**TASK TO CARRY OUT**.
Transcribe the data exactly. Leave nothing out.

_ _ _ _

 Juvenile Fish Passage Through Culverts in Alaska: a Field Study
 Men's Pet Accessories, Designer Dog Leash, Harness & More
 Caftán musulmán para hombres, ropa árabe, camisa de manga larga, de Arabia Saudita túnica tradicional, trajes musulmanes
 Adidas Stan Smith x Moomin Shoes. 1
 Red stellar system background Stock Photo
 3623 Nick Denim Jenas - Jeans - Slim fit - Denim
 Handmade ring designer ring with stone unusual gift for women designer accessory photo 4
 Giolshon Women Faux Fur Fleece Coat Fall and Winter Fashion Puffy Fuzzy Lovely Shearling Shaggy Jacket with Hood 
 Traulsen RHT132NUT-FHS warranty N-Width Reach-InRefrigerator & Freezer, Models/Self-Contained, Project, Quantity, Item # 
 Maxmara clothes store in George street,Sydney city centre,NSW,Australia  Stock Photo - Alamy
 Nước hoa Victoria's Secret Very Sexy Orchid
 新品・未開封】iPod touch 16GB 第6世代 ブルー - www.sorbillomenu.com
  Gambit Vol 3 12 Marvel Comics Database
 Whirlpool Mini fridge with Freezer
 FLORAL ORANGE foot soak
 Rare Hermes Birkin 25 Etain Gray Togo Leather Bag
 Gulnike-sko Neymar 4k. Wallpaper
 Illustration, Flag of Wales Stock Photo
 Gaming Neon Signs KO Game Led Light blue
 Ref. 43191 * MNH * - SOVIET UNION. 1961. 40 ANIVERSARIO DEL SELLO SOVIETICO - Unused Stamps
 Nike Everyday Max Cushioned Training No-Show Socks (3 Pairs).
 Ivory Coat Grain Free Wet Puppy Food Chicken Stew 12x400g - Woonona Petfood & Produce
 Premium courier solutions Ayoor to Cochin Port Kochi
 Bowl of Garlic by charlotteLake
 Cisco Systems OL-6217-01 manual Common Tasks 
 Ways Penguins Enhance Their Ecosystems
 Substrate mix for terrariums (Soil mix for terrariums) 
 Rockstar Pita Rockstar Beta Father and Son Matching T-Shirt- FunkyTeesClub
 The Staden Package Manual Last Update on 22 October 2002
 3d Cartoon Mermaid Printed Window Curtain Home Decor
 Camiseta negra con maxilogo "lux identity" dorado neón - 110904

_ _ _ _

**EXERCISE ANSWER**.
 Juvenile Fish Passage Through Culverts in Alaska: a Field Study
 Men's Pet Accessories, Designer Dog Leash, Harness & More
 Caftán musulmán para hombres, ropa árabe, camisa de manga larga, de Arabia Saudita túnica tradicional, trajes musulmanes
 Adidas Stan Smith x Moomin Shoes. 1
 Red stellar system background Stock Photo
 3623 Nick Denim Jenas - Jeans - Slim fit - Denim
 Handmade ring designer ring with stone unusual gift for women designer accessory photo 4
 Giolshon Women Faux Fur Fleece Coat Fall and Winter Fashion Puffy Fuzzy Lovely Shearling Shaggy Jacket with Hood 
 Traulsen RHT132NUT-FHS warranty N-Width Reach-InRefrigerator & Freezer, Models/Self-Contained, Project, Quantity, Item # 
 Maxmara clothes store in George street,Sydney city centre,NSW,Australia  Stock Photo - Alamy
 Nước hoa Victoria's Secret Very Sexy Orchid
 新品・未開封】iPod touch 16GB 第6世代 ブルー - www.sorbillomenu.com
  Gambit Vol 3 12 Marvel Comics Database
 Whirlpool Mini fridge with Freezer
 FLORAL ORANGE foot soak
 Rare Hermes Birkin 25 Etain Gray Togo Leather Bag
 Gulnike-sko Neymar 4k. Wallpaper
 Illustration, Flag of Wales Stock Photo
 Gaming Neon Signs KO Game Led Light blue
 Ref. 43191 * MNH * - SOVIET UNION. 1961. 40 ANIVERSARIO DEL SELLO SOVIETICO - Unused Stamps
 Nike Everyday Max Cushioned Training No-Show Socks (3 Pairs).
 Ivory Coat Grain Free Wet Puppy Food Chicken Stew 12x400g - Woonona Petfood & Produce
 Premium courier solutions Ayoor to Cochin Port Kochi
 Bowl of Garlic by charlotteLake
 Cisco Systems OL-6217-01 manual Common Tasks 
 Ways Penguins Enhance Their Ecosystems
 Substrate mix for terrariums (Soil mix for terrariums) 
 Rockstar Pita Rockstar Beta Father and Son Matching T-Shirt- FunkyTeesClub
 The Staden Package Manual Last Update on 22 October 2002
 3d Cartoon Mermaid Printed Window Curtain Home Decor
 Camiseta negra con maxilogo "lux identity" dorado neón - 110904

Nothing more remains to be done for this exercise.